Only the lines from the one containing "Zobrazit detail výrobku" through the end of the data below are to be repeated, exactly as given, without pictures.

> **Dataset content**
_ _ _ _

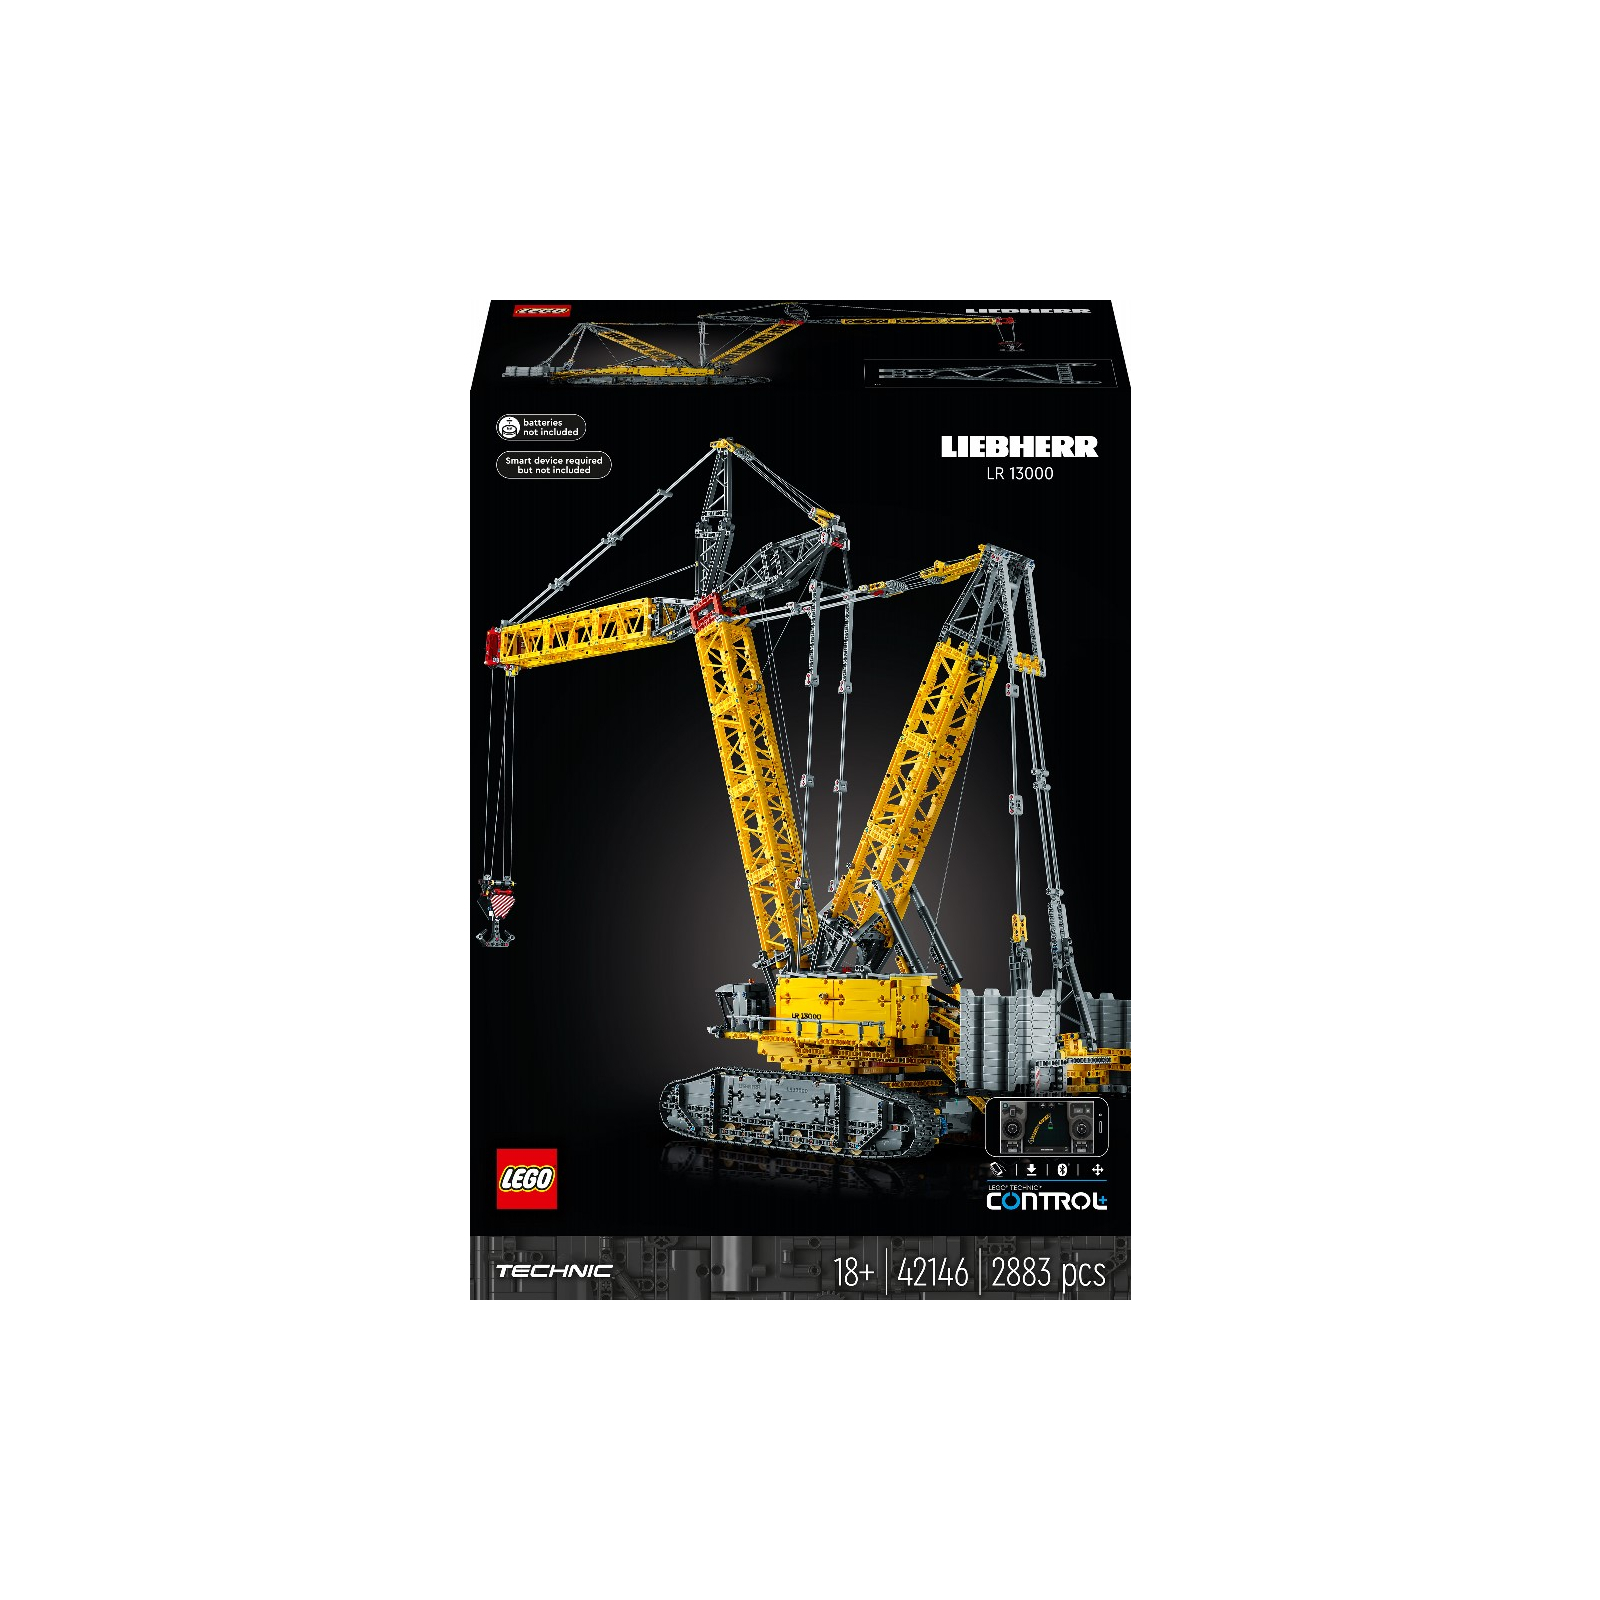 Конструктор LEGO Technic Гусеничный подъемный кран Liebherr LR 13000 2883 детали (42146)
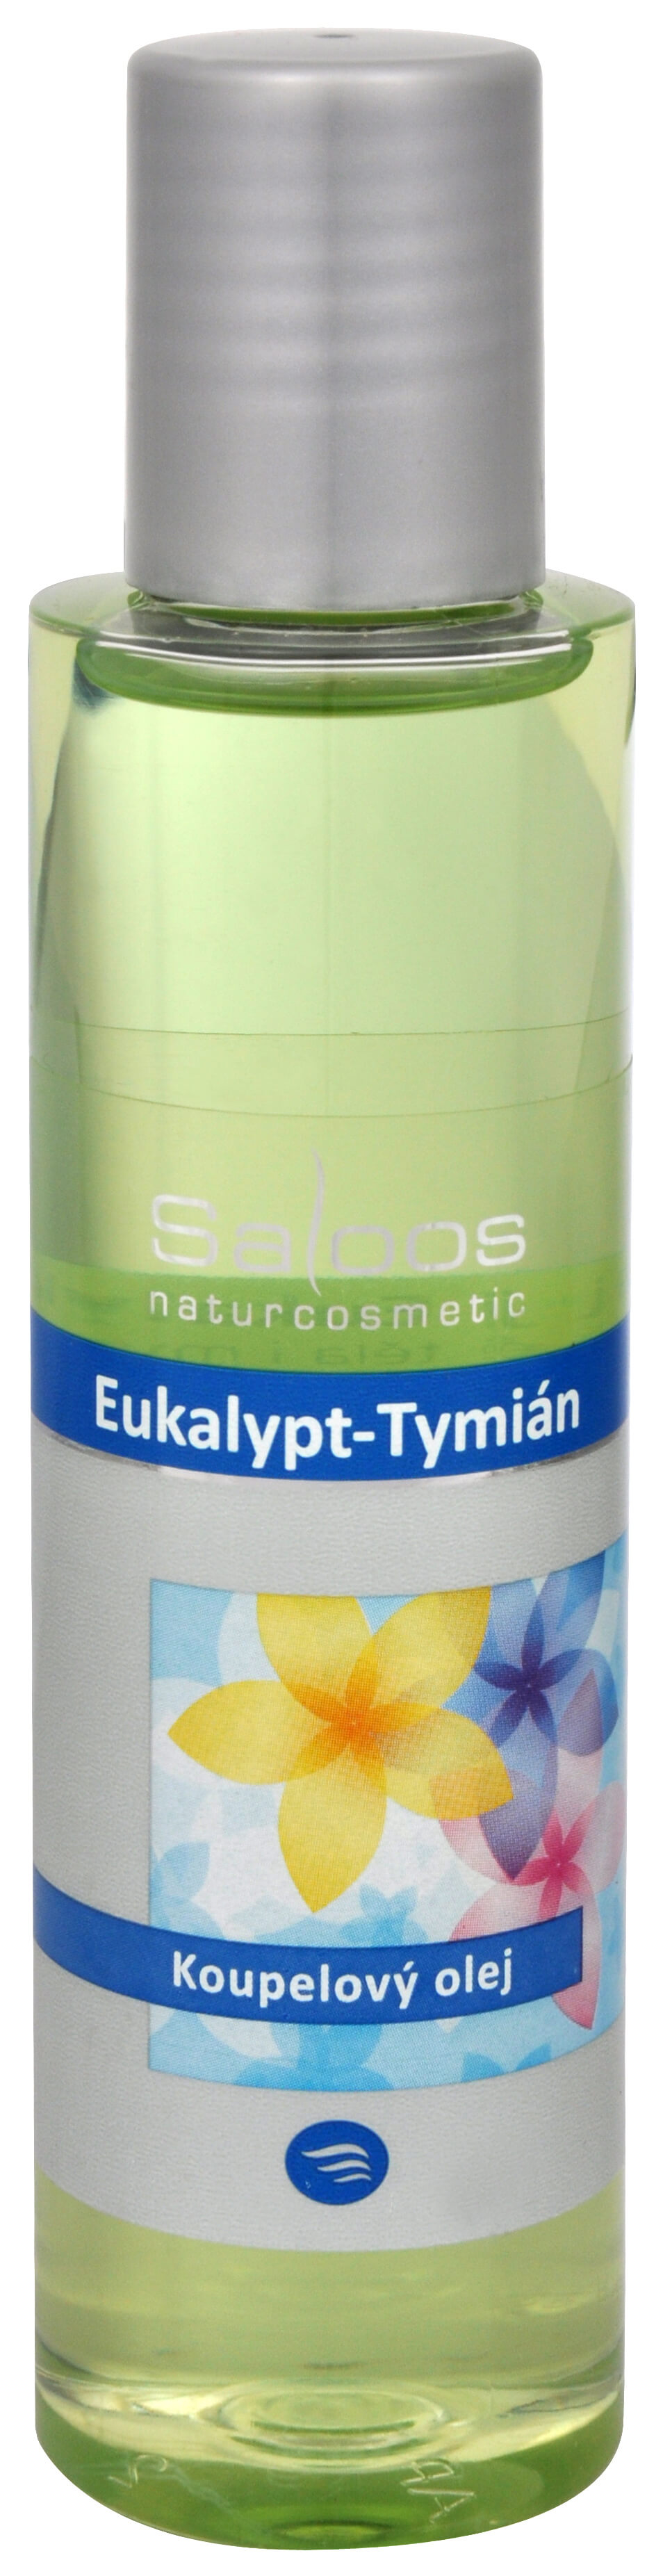 Zobrazit detail výrobku Saloos Koupelový olej - Eukalypt-Tymián 125 ml + 2 měsíce na vrácení zboží
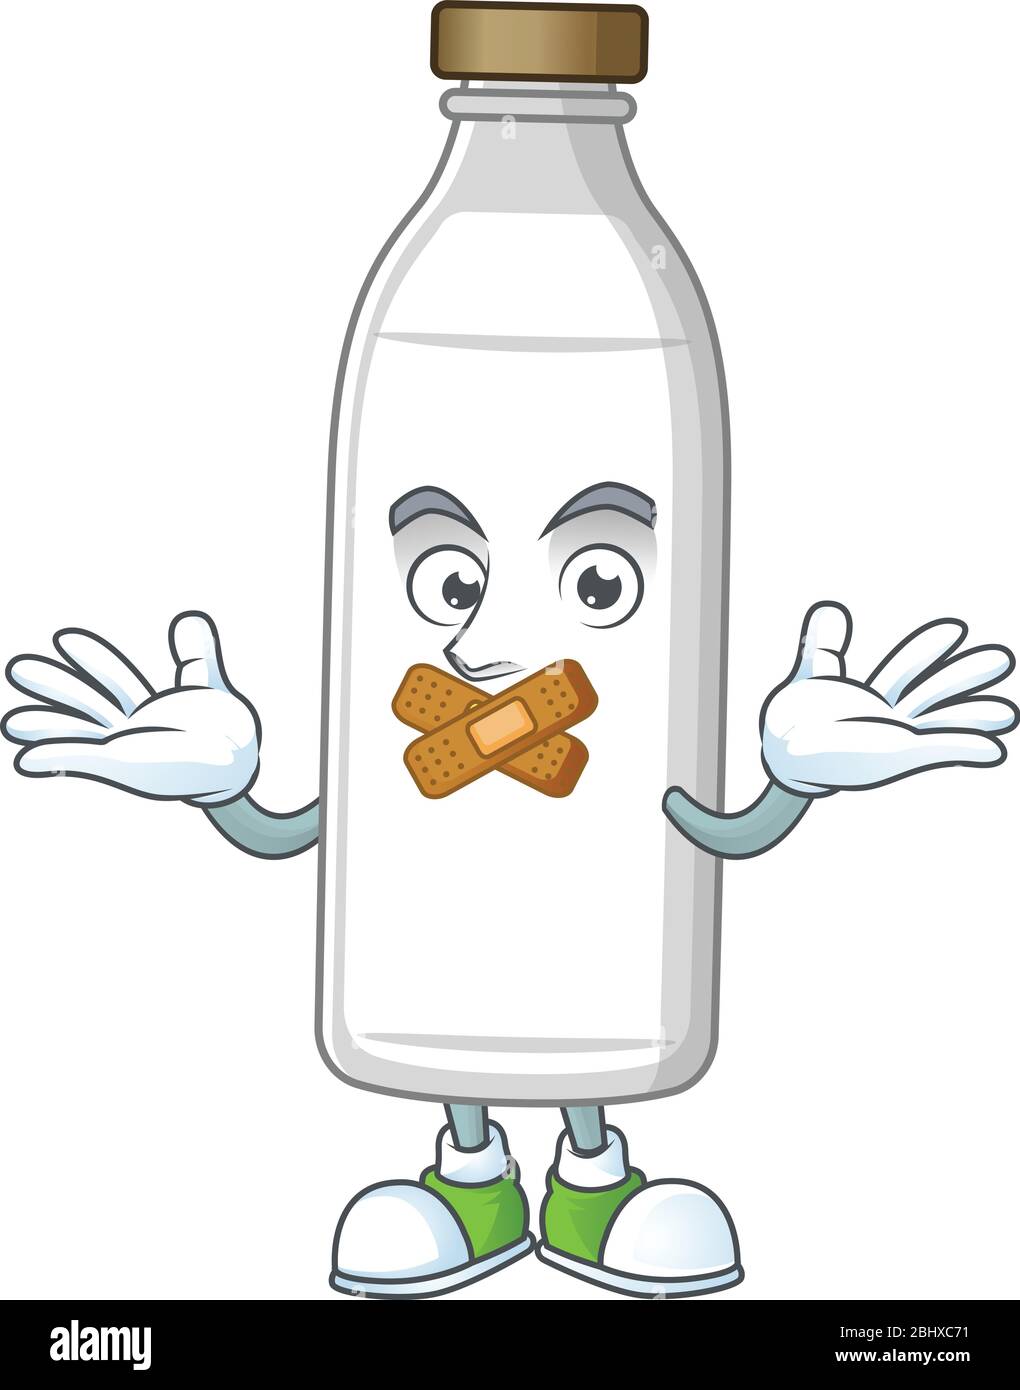 Milk bottle mascot cartoon design with quiet finger gesture Stock Vector  Image & Art - Alamy
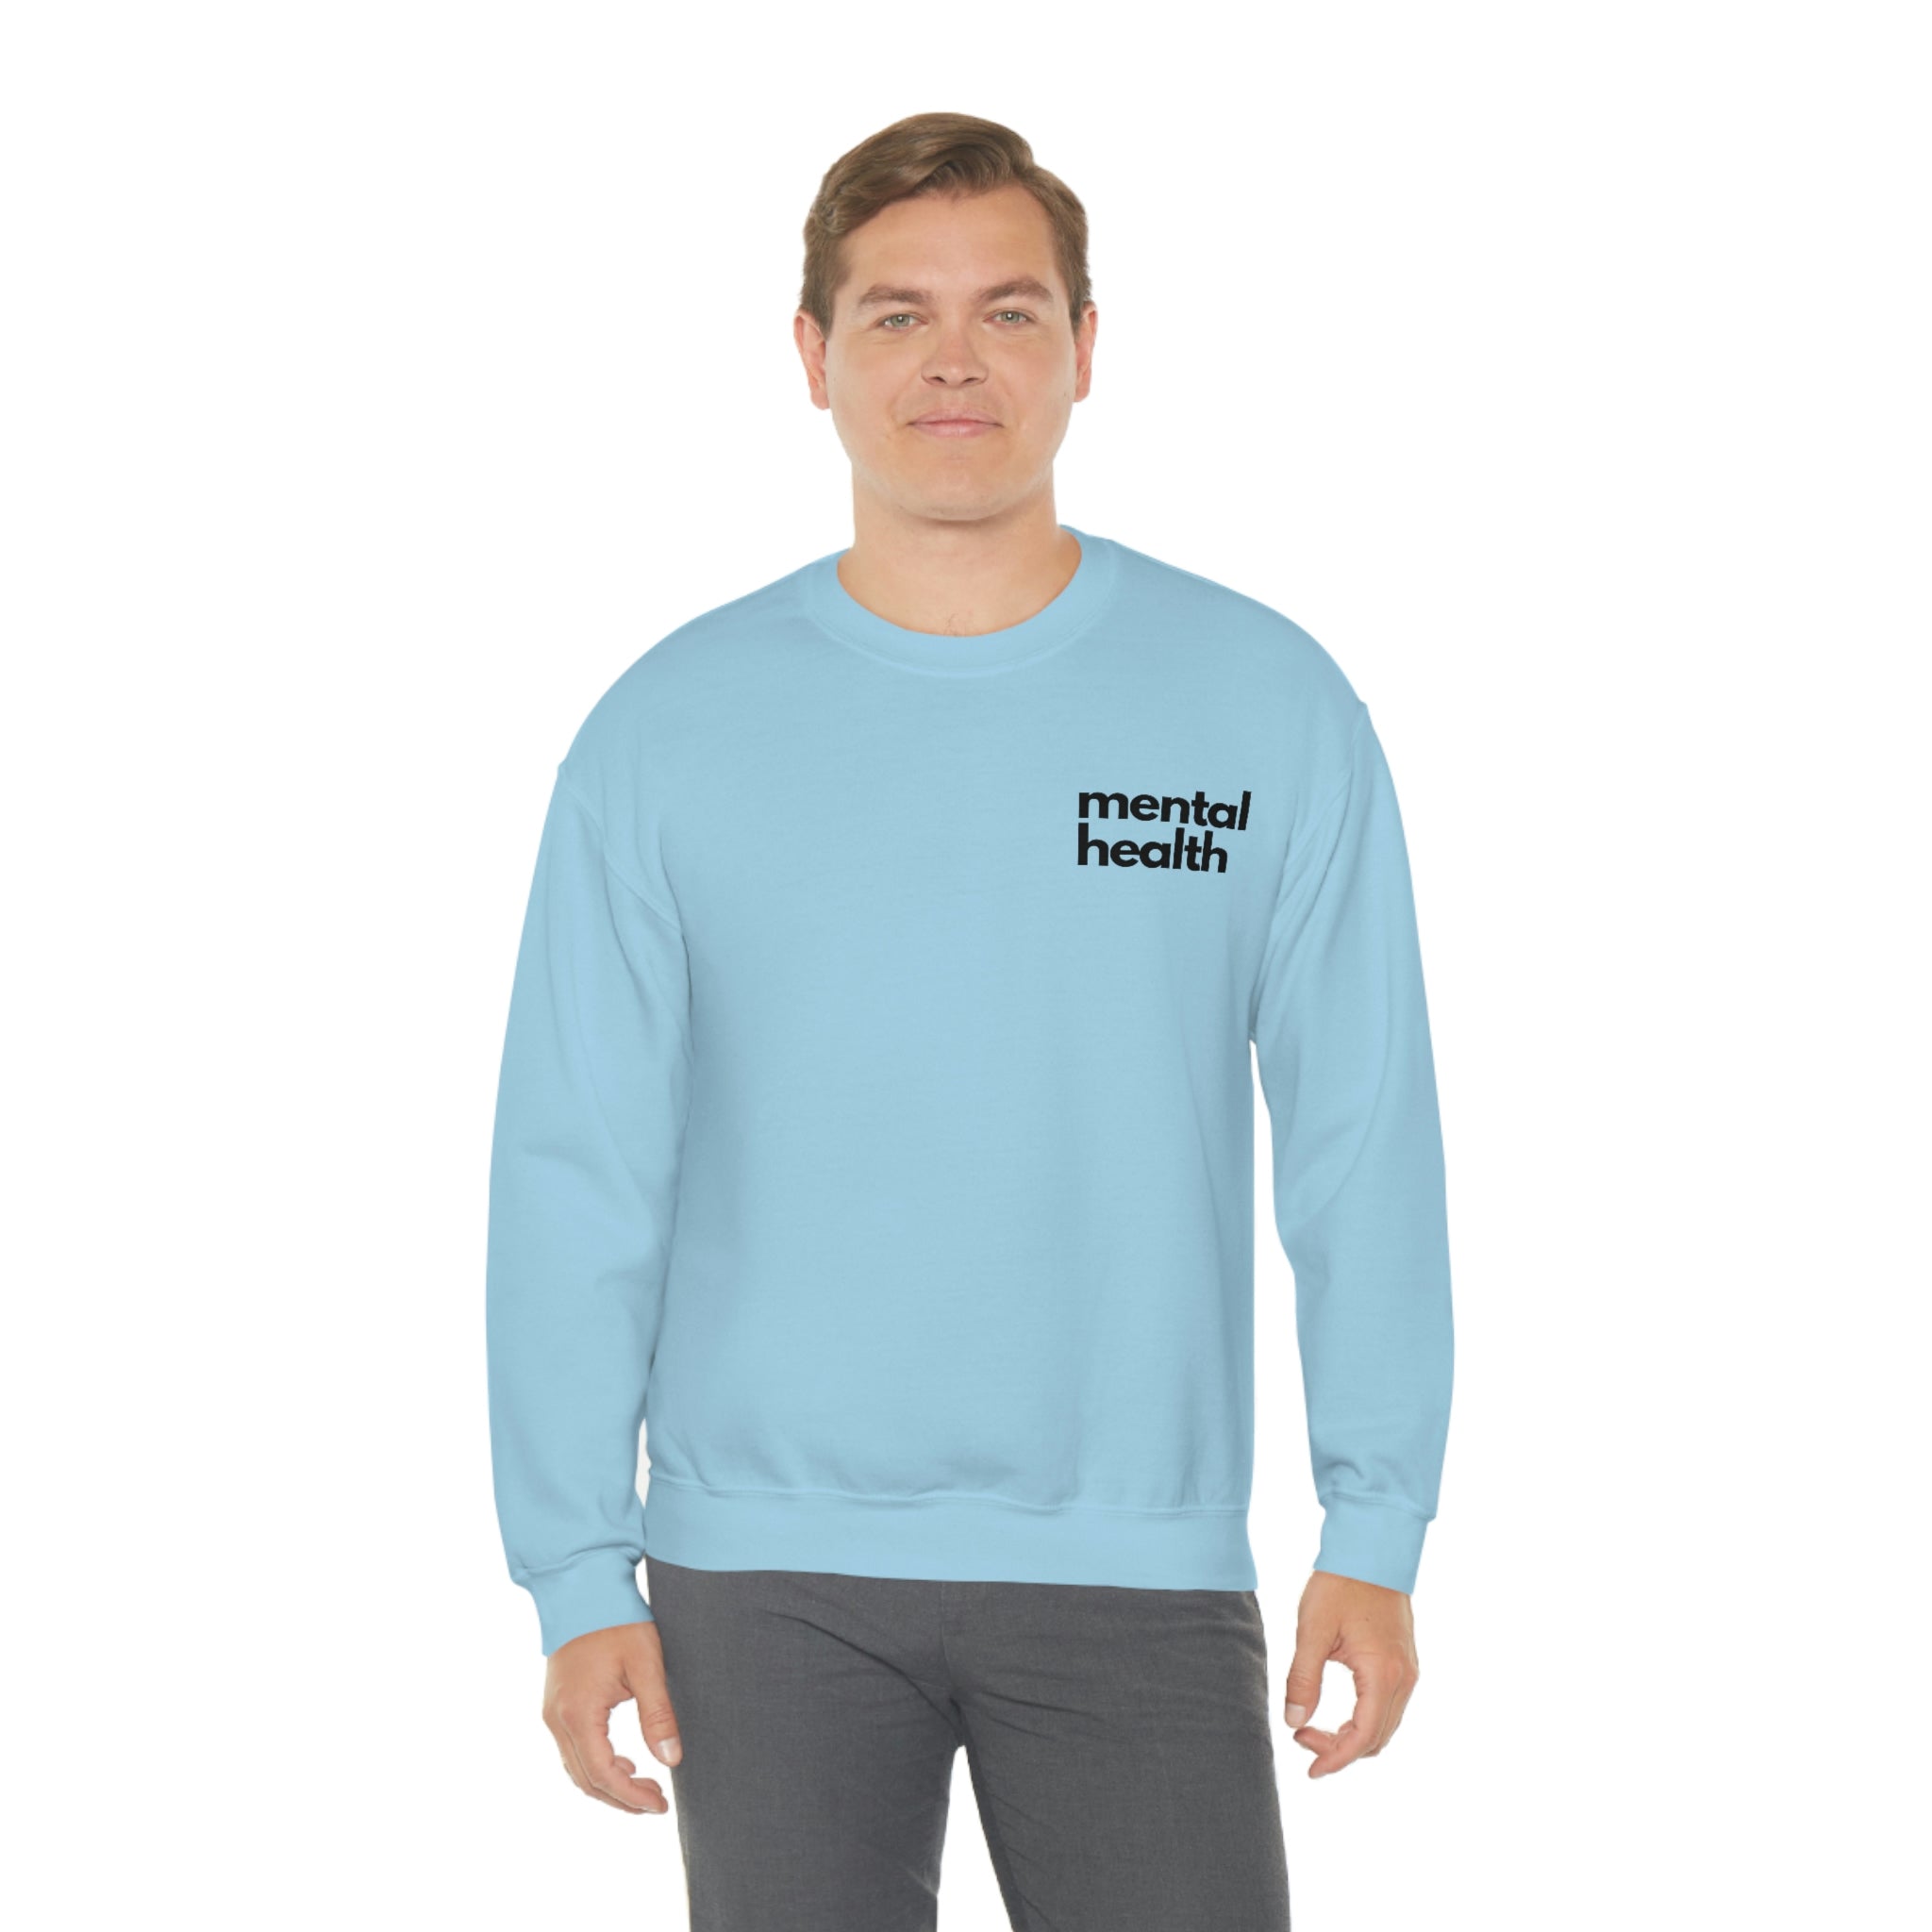 "mental health" Minimalist Unisex Sweatshirt

_ _ _ _

> **Exercise result**
 Zobrazit detail výrobku Saloos Koupelový olej - Eukalypt-Tymián 125 ml + 2 měsíce na vrácení zboží
 Milk bottle mascot cartoon design with quiet finger gesture Stock Vector  Image & Art - Alamy
 "mental health" Minimalist Unisex Sweatshirt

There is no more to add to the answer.